Machine Learning, etc: 2009

Friday, August 21, 2009

Robust OCR in video

I used the "Robust OCR dataset" below to make a system for reading runner bibs in video. Standard ML techniques give fairly good results without much tweaking -- AdaBoost with stumps to go through all connected components (in thresholded image) and generate potential candidates, SVM/Gaussian kernel to classify those candidates into digits. Here's a screenshot and a video of this system in action.

Video

Wednesday, August 05, 2009

New Robust OCR dataset

I've collected this dataset for a project that involves automatically reading bibs in pictures of marathons and other races. This dataset is larger than robust-reading dataset of ICDAR 2003 competition with about 20k digits and more uniform because it's digits-only. I believe it is more challenging than the MNIST digit recognition dataset.

I'm now making it publicly available in hopes of stimulating progress on the task of robust OCR. Use it freely, with only requirement that if you are able to exceed 80% accuracy, you have to let me know ;)

The dataset file contains raw data (images), as well as Weka-format ARFF file for simple set of features.

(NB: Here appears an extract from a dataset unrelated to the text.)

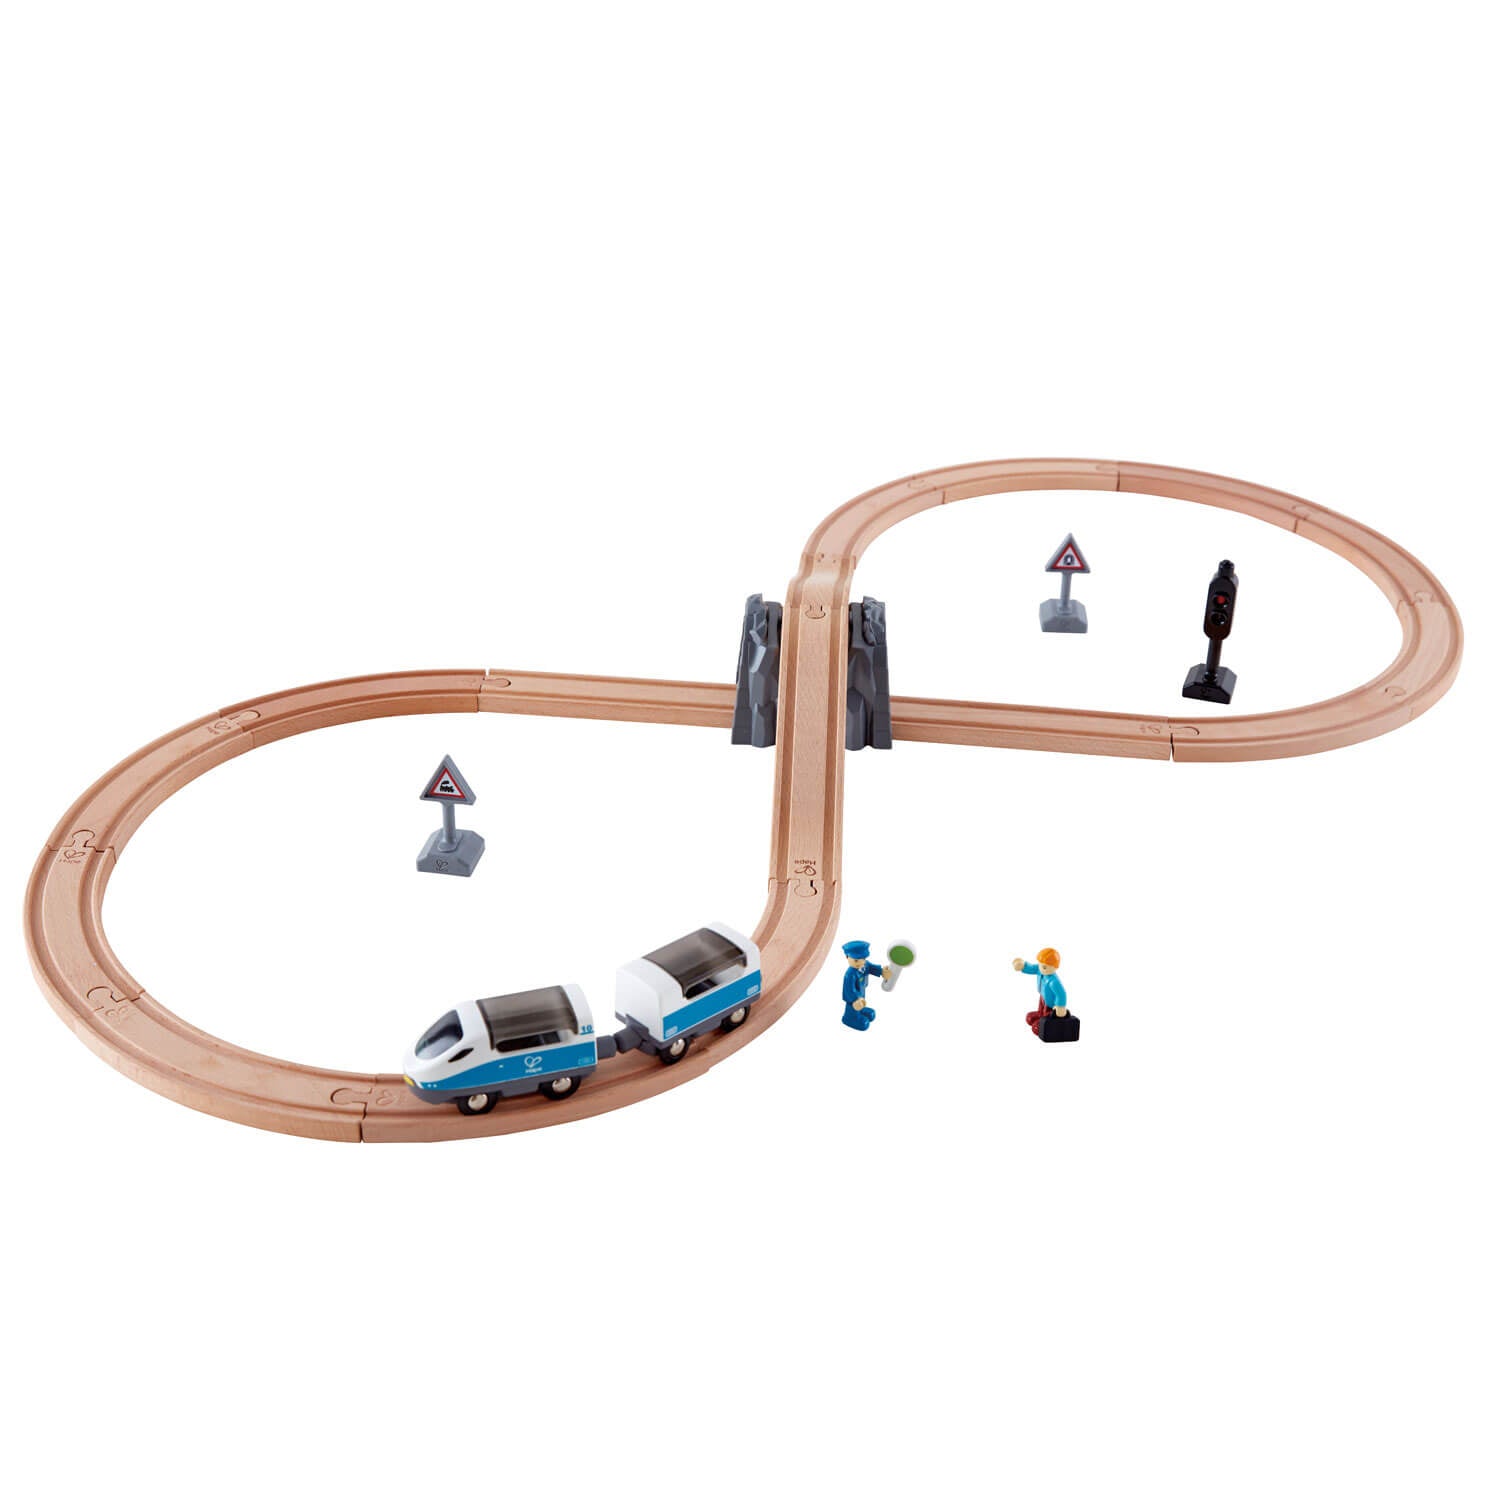 Hape Figure 8 Train Set: Safety Wooden Railway

For completeness I include matlab script used to for initial pre-processing and feature extraction, Python script to convert space-separated output into ARFF format. Check "readme.txt" for more details.

Dataset

Sunday, July 12, 2009

machine vision resource

This seems to be a fairly comprehensive vision bibliography. I found a few articles on text localization there that I didn't find through scholar/citation following

http://www.visionbib.com/bibliography/contents.html